Beware: the R function plotDensity() does not display the actual distribution of your values, but a polynomial fit. The representation thus generally looks smoother than the actual data. It is important to realize that, in some particular cases, the fit can lead to extrapolated values which can be misleading.

Let’s have a look at the scatter plots using the pairs() function.

plotFun <- function(x,y){ dns <- densCols(x,y); points(x,y, col=dns, pch=".") }
pairs(log2(count.table + 1), panel=plotFun, lower.panel = NULL)

The command pairs() draws a scatter plot for each pair of columns of the input dataset. The plot shows a fairly good reproducibility between samples of the same type (treated or untreated, respectively): all points are aligned along te diagonal, with a relatively wider dispersion at the bottom, corresponding to small number fluctuations.

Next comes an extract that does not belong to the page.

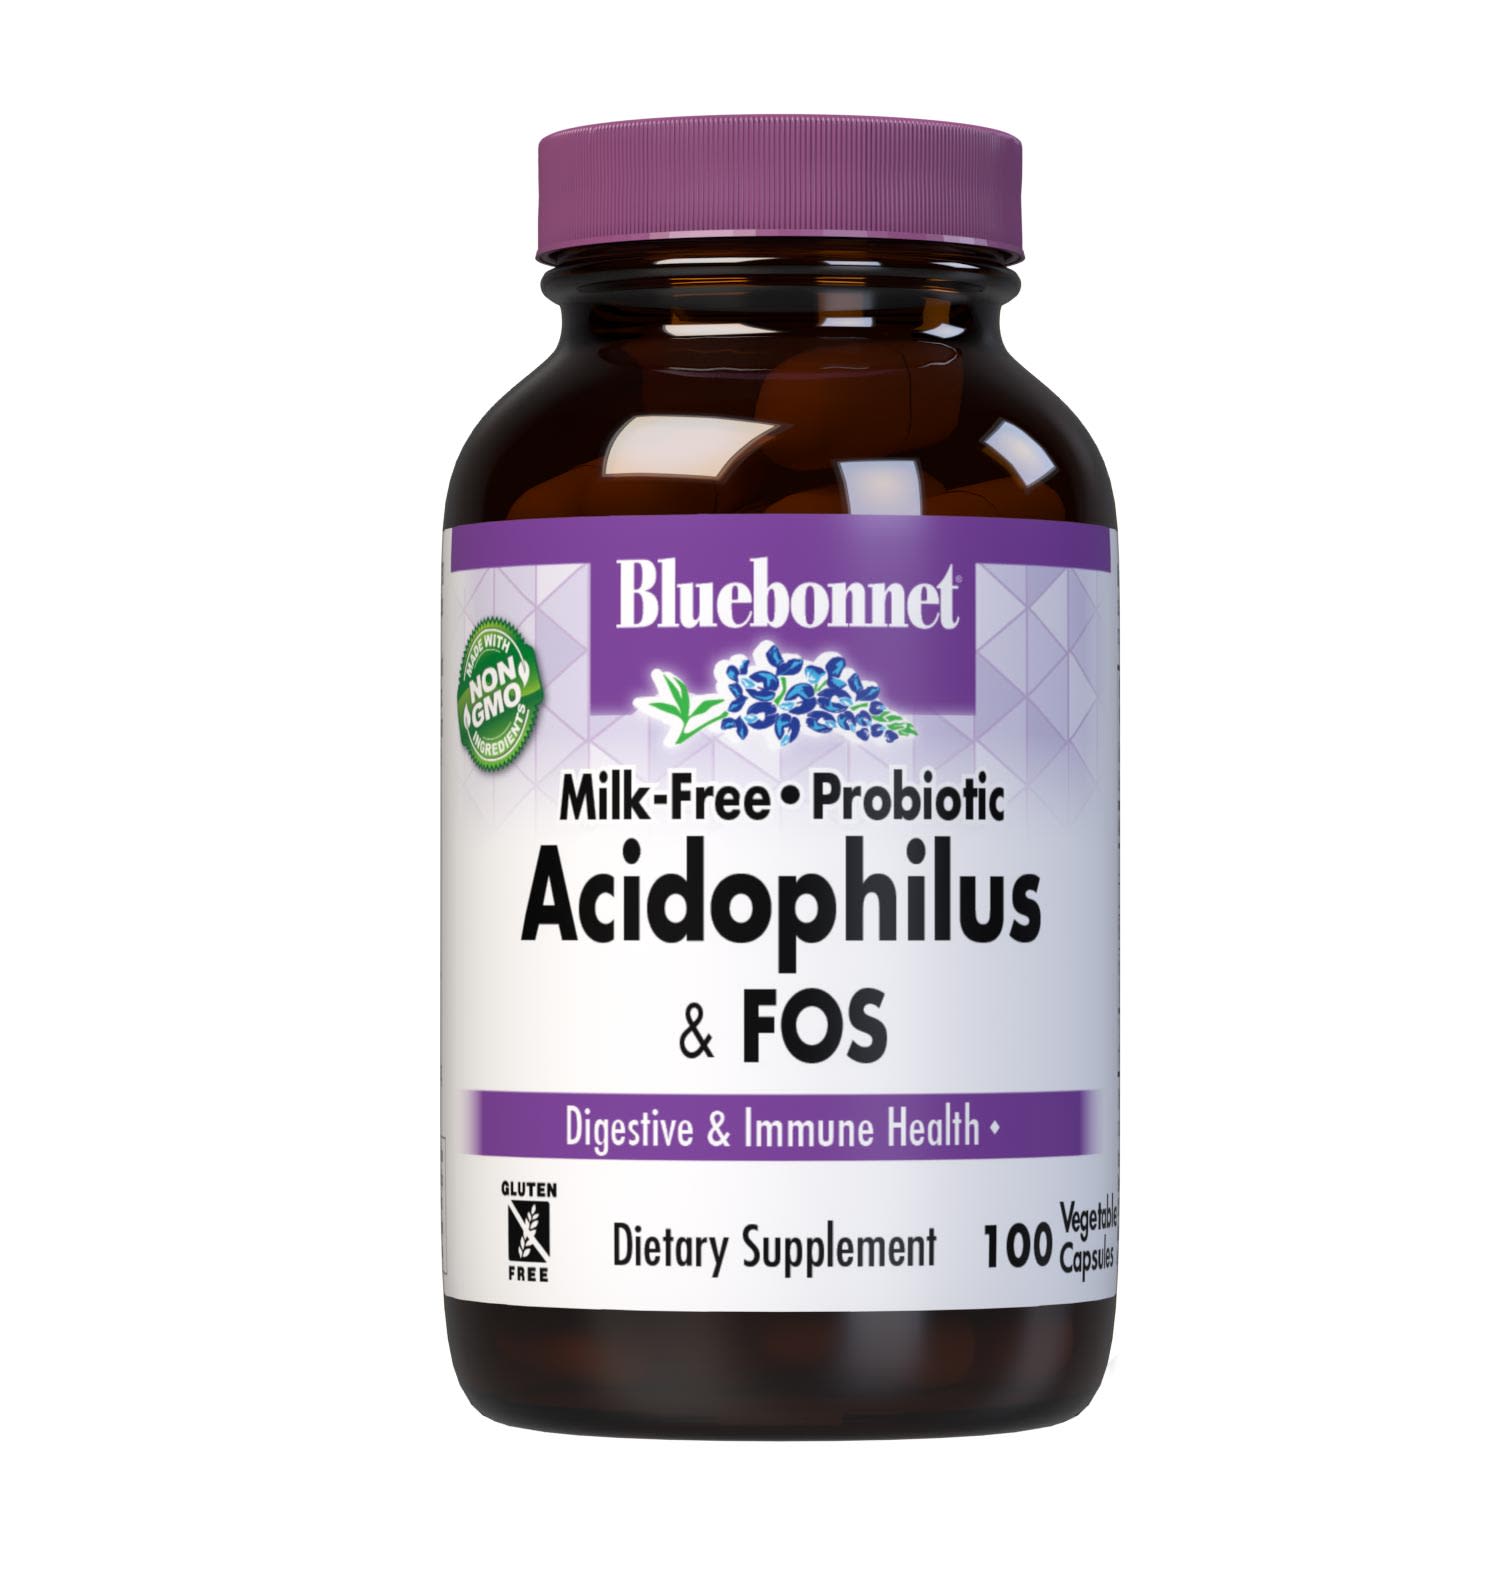 Bluebonnet’s Milk-Free Probiotic Acidophilus & FOS 100 Vegetable Capsules are formulated with over three billion viable cultures from lactobacillus acidophilus, lactobacillus bulgaricus, bifidobacterium bifidum strains along with FOS (fructooligosaccharides) from chicory root extract. This probiotic formula is designed to assist the growth of friendly bacteria in the gut to help support digestive and immune health. #size_100 count

In contrast, on all the plots comparing an untreated and a treated sample, we can see some points (genes) discarding from the diagonal, on the side of either treated (up-regulated) or untreated (down-regulated) sample.

---

Creating a DESeqDataSet dataset

Now that we have all the required material, we will create a DESeqDataSet object (named dds) that will be used by DESeq2 to perform differential expression call.

Install and load the DESeq2 library.

Create a DESeqDataSet using the DESeqDataSetFromMatrix() function and get some help about this object. Have a look at some important accessor methods: counts, conditions, estimateSizeFactors, sizeFactors, estimateDispersions and nbinomTest.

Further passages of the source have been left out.